Reiterating the law laid down in L Chandra Kumar, the Court expanded access to justice and pertinently observed as follows while allowing approach to the jurisdictional High Courts under Article 226/227 against orders of the NGT:

“The options available to a litigant to either move to the Supreme Court in a case where a substantial question of law arises or proceed under Article 226 or 227 must not also be overlooked. If necessary, a party can also approach this Court by way of an Article 136 petition. With such choices being available for a party no rational justification is found for striking down Section 22 of the Act which provides for a direct appeal to the Supreme Court.”

In the above judgment, observations have also been made that if one particular party approaches the Supreme Court, the other cannot be seen complaining about the distance to Delhi.
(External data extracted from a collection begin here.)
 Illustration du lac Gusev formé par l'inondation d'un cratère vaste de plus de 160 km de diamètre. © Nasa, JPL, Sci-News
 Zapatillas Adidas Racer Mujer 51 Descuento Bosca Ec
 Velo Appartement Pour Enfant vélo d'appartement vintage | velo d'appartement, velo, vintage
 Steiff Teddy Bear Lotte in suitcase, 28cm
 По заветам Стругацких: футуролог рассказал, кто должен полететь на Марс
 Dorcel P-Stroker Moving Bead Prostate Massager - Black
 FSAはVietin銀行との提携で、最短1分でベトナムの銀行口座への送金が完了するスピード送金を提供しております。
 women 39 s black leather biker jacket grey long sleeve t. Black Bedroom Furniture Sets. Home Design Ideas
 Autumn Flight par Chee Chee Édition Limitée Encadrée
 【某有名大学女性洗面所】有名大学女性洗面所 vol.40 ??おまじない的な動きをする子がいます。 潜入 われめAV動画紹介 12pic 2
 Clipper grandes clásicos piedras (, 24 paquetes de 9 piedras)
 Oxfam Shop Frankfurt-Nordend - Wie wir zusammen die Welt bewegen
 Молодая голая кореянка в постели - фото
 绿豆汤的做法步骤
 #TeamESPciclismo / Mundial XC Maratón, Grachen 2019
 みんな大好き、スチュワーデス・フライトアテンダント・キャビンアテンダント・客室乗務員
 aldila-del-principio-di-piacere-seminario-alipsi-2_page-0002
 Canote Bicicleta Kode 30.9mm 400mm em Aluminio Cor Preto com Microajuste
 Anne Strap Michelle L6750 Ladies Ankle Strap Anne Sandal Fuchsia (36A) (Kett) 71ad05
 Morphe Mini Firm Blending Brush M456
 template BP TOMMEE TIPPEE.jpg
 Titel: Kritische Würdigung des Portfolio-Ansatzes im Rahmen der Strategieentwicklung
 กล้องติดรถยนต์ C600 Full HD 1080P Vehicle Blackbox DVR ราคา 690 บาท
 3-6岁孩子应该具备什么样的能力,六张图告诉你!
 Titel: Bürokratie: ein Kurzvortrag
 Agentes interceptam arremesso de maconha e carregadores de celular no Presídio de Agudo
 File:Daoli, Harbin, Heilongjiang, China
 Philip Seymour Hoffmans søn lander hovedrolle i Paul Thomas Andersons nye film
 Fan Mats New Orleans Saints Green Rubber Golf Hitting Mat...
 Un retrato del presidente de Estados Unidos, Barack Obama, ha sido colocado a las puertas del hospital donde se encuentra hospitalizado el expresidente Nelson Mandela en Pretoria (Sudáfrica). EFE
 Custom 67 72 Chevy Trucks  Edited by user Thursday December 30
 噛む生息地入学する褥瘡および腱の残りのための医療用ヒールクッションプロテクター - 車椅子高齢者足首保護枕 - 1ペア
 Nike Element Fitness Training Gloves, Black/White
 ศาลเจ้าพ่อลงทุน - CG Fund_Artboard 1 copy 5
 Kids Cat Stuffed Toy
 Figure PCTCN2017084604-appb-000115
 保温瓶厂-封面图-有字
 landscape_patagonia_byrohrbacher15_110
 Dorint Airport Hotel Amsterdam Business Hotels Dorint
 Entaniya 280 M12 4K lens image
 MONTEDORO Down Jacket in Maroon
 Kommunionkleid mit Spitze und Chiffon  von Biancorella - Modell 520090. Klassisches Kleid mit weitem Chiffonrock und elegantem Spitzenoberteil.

But then such observation may not be in tune with what various benches of higher strength have observed on this very aspect, including recently by the ibid five judge Constitution Bench in Rojer Mathew. Proponents of access to justice would rightly suggest that any challenge reaching the Supreme Court, especially from a tribunal, must be an absolute rarity. On this, the following was observed in Rojer Mathew:

“The decrease in propensity of a person with humble means or situated farther away from the Delhi to approach the Supreme Court is evidence of the fact that the remedy to approach this Court has been, in effect, limited to only those with access to ample financial resources. Numerous studies have shown how every tenth case decided by the High Court of Delhi or every sixteenth case decided by the High Court of Punjab & Haryana is appealed before this Court, as compared to a minuscule rate of appeal of a little over 1% against the decisions of High Court of Madras. Being an authority entrusted to resolve Constitutional conflicts or to safeguard the fundamental rights of citizens, this Court cannot afford to provide access only to the affluent.”

The anxiety shown by the Constitution Bench on the issue in Bihar Legal Support Society Vs The Chief Justice Of India in 1986 remains as valid today as it was then.

It is also the duty of the Bar and the government to ensure that the court meant to decide Constitutional issues of national importance is not flooded by us with inconsequential matters making it a forum for small corrections or the first appellate Court.